Sinethemba Qeshile has been a revelation for you this season. What are the qualities that stand out to you about the young player?
I’m very impressed with his maturity for a young guy. He has had some success initially, but it’s a work in progress for him. What I have liked is the way he dealt with a couple of hiccups on the road. He has maintained a level character which is a great trait to have as a professional – he doesn’t get too high when he does well and doesn’t get too low when he does poorly. As a coach I don’t have to manage him with his energy and output, it’s pretty standard. He has a lot of potential and we are very excited about him, but he has to take it step by step. His four-day cricket is probably his best format now, but he will be getting a chance in the Mzansi Super League and I will be following it with great interest.
Any other young talents you are excited about?
We have Lutho Sipamla as well, who played every game for us this season.

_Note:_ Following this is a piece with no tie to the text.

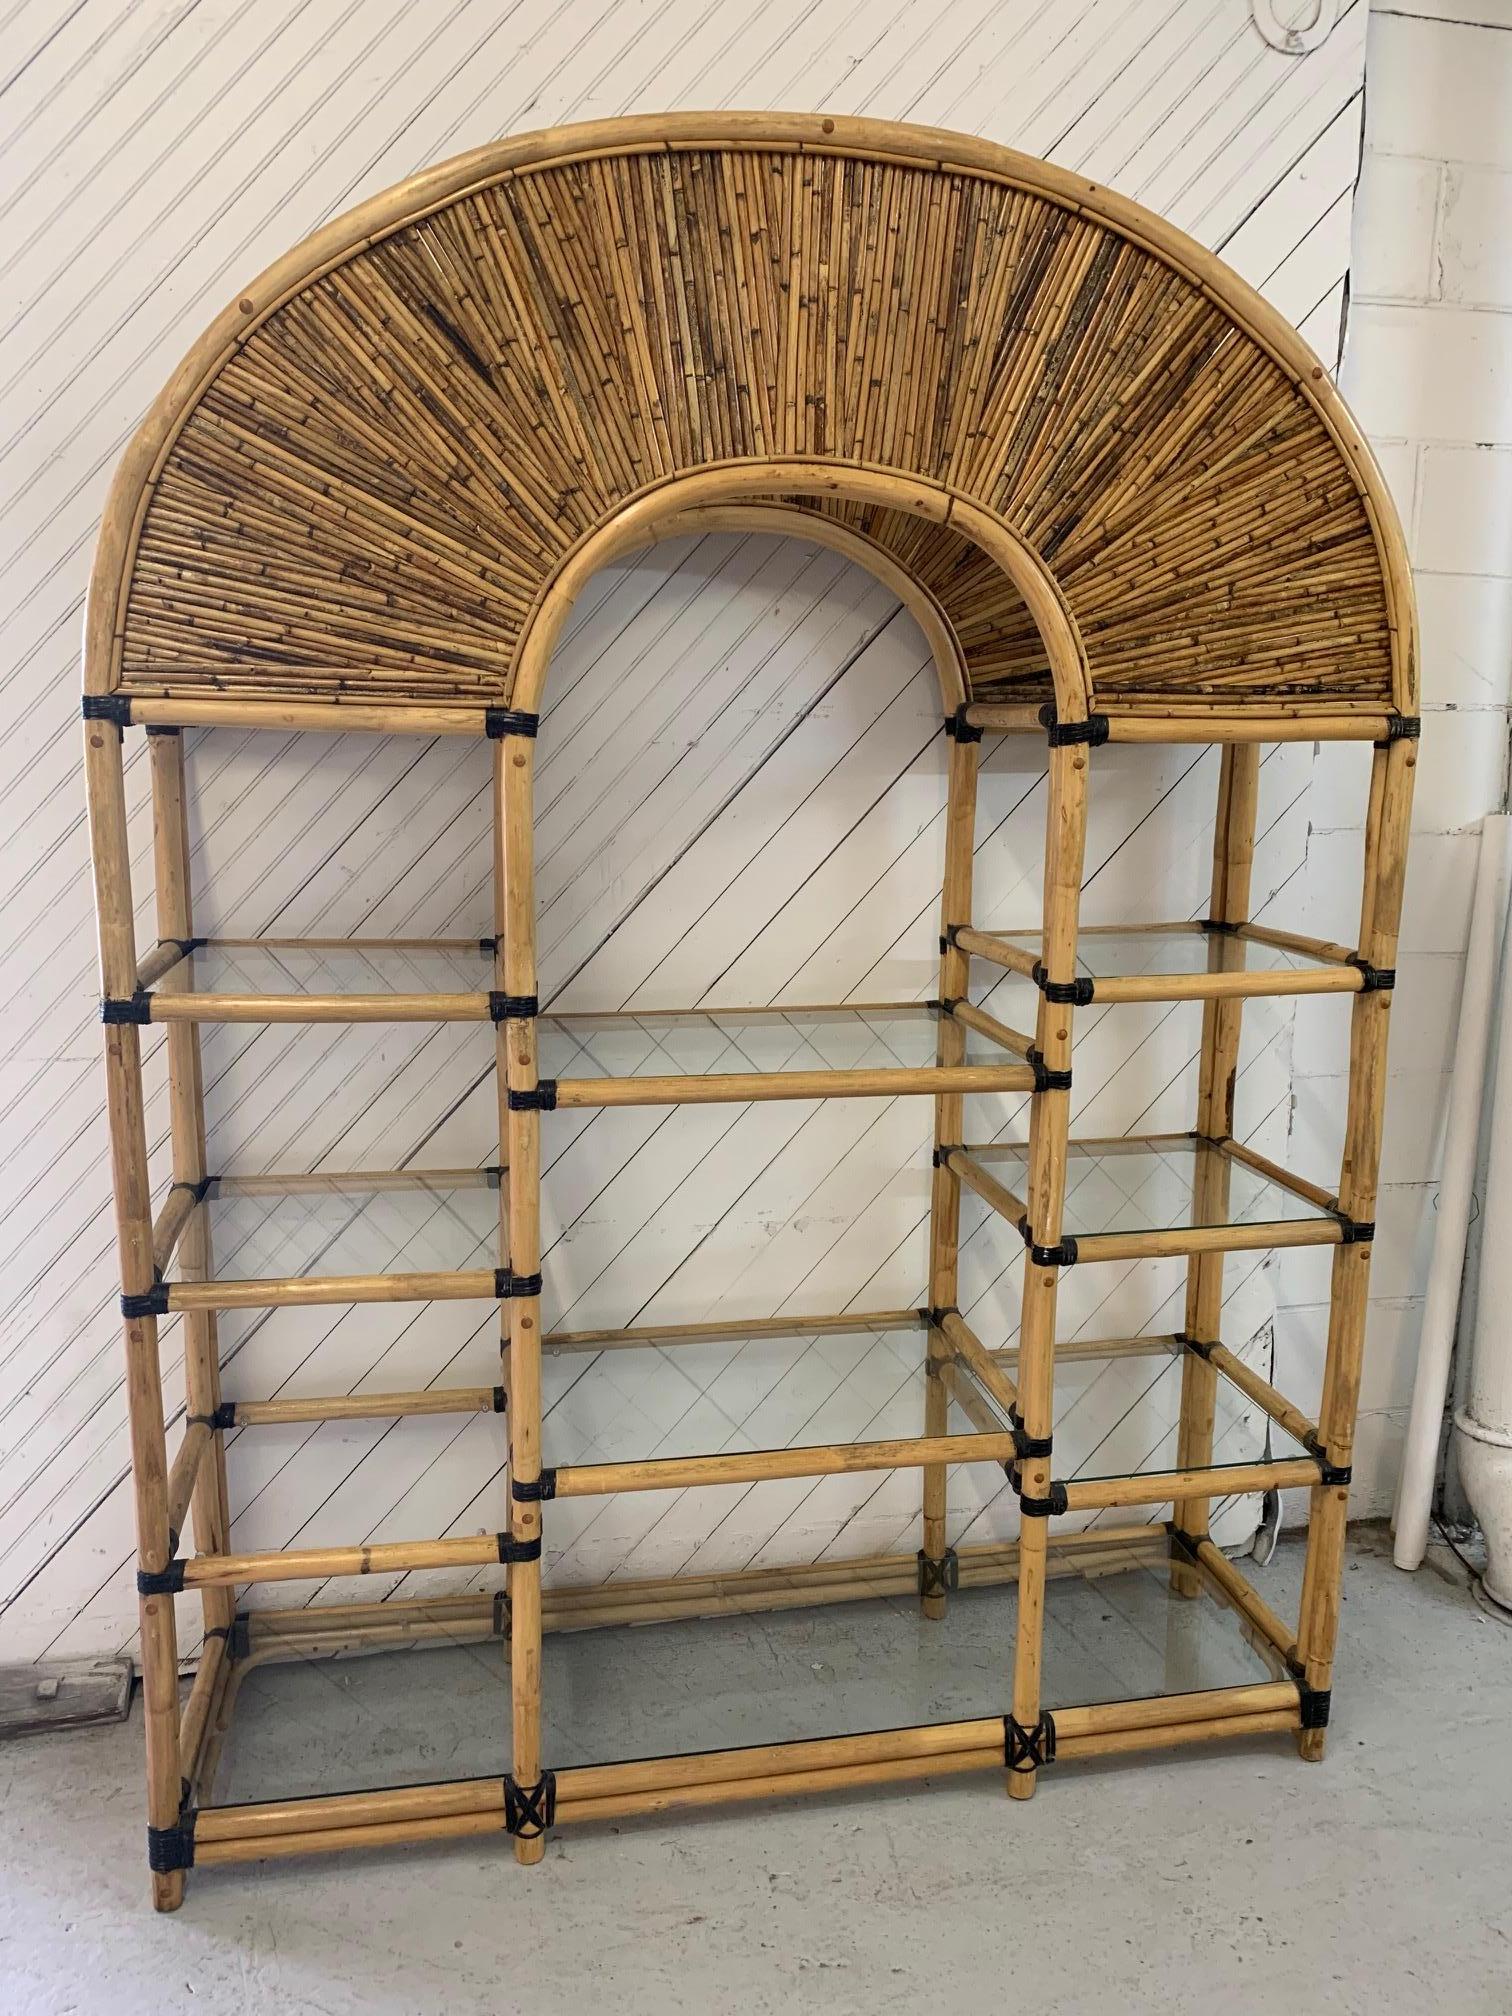 Large rattan étagère features inlay across arched top and glass shelving for storage and display. Very good vintage condition with minor imperfections consistent with age.

He just came out of the national academy and is fitter and stronger than he was. He also has all the traits character-wise to have a long career. Another player is Matthew Breetzke, who we know already has a big reputation in South African cricket. He’s someone we are growing, and hopefully when we give him an opportunity he will take it. We also mustn’t forget Anrich Nortje, who is only 25 now, and although he always had potential, now he is adding the performances and I don’t think it will be too long until we see him in the green and gold.
Some may say that the Warriors overachieved last season. How do you plan to maintain or improve on last season’s successes?
With regards to ‘overachieving’, if you ask the other franchise teams when they play against us they don’t expect to just roll the Warriors over at any stage. That’s a little bit of a perception that is probably incorrect. It is something I tried to address with the players, because sometimes that’s actually a nice title to have because then you don’t put too much pressure on yourself as people are not expecting too much of you, so whatever you do is seen as a bonus and guys get happy if you are average.
I want to try and change that mindset and I know the players also want to change that mindset. We want to build on the foundations that were laid and to challenge the status quo. We realised that we are really good especially in the white-ball format and we showed in four-day cricket that we can compete. The biggest thing is to get consistency in our performance and once we do that we can be taken seriously as title contenders.
Jon-Jon Smuts spoke about his disappointment with the number of Warriors players in the national setup. How do you plan to help the players take the next step?
Everyone wants to win, and those are the type of guys who get national contracts. We are trying to change that mindset for ourselves first. Part of it may come from the ‘underachievers’ or ‘overachievers’ tag talk and then people start to view you like that. We certainly have some talented players in the Eastern Cape compared to the rest of the country – I don’t think there is better quality, to be honest. It is up to them to put in the performances and up to me to create an environment for them to achieve that for themselves.